A questo proposito è giusto spendere alcune parole sull'approccio filosofico sotteso a "Fenomenologia", avvalendomi anche del foglio promozionale allegato al disco: «il nome del progetto utilizza metaforicamente l'immagine del "vampirismo", qui inteso come oppressione, asfissia, abuso che il mondo moderno opera giorno dopo giorno, ora dopo ora sugli esseri umani».

Giordano Bruno si erge quindi a figura simbolo di uomo che, abbracciando un pensiero scientifico moderno, ma soprattutto libero e consapevole, non si è inginocchiato di fronte al giogo impostogli dalla Chiesa, pagandone le conseguenze fino alla perdita della vita. Aggiungo infine che la scelta di un nome quale Cult Of Vampyrism al momento può essere un'arma a doppio taglio vista l'invasione di scadenti prodotti industriali confezionati su misura per teenager incapaci di ogni lettura critica. Invasione che è cominciata col successo editoriale di "Twilight" (è di pochi giorni fa la notizia di una ragazzina morta suicida per ricongiungersi all'amato Edward, protagonista del romanzo!) e oggi ha raggiunto tv, cinema e librerie. Il rischio che corre il metallaro medio è perciò quello di ignorare Cult Of Vampyrism disgustato da quanto crede, a torto, di trovarvi al suo interno.

Le ultime annotazioni riguardano l'ottima prova di tutti i musicisti: ognuno contribuisce nel migliore dei modi alla riuscita finale del disco, sia ritagliandosi spazi individuali sia col lavoro di squadra; Trismegisto da canto suo inserisce una certa dose di cattiveria al tutto con lo screaming. Una critica però va mossa alla produzione: la scelta di suoni cupi e bassi è perfettamente azzeccata per il tipo di proposta occulta, lontana da ogni eccesso di perfezionismo, al contempo consente ad ogni strumento di emergere, però lo sbalzo di volume che intercorre fra i primi due brani e gli ultimi due è assai fastidioso!

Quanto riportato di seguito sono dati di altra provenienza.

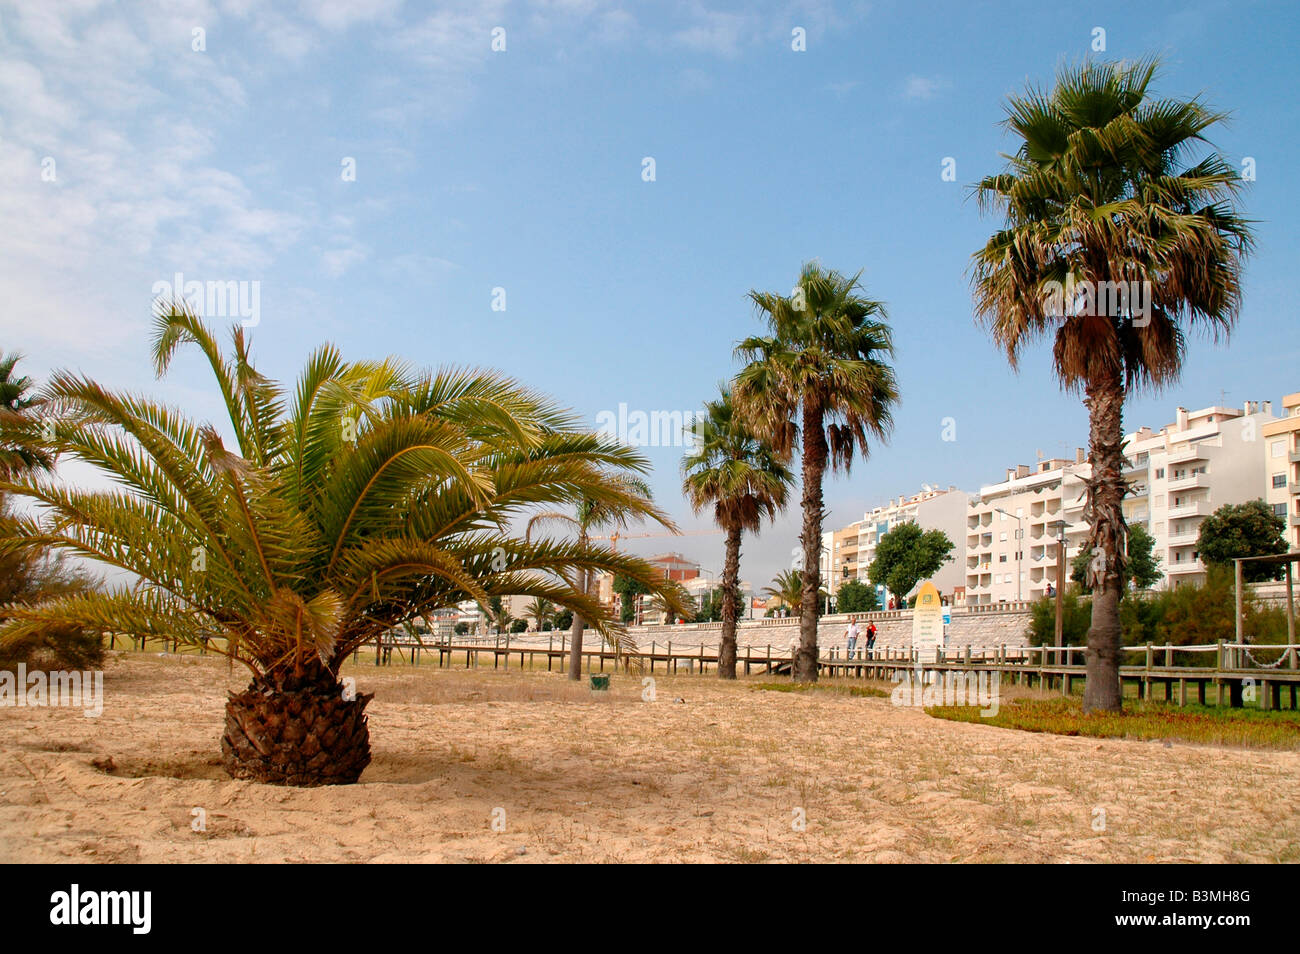 Il lungomare della città di Figueira da Foz,Portogallo, incorniciato da palme in spiaggia di sabbia Foto Stock

In conclusione a questa lunga disamina, posso affermare che "Fenomenologia" sia un lavoro interessante, curato (libretto molto semplice, ma con tutte le informazioni necessarie presenti) e che meriterebbe di essere preso in considerazione. Ve lo dice uno che solitamente non mastica doom a colazione. La mia unica avvertenza è quella di dedicargli il giusto tempo, evitando giudizi affrettati o ascolti distratti, in quanto l'immediatezza non è la sua prima virtù.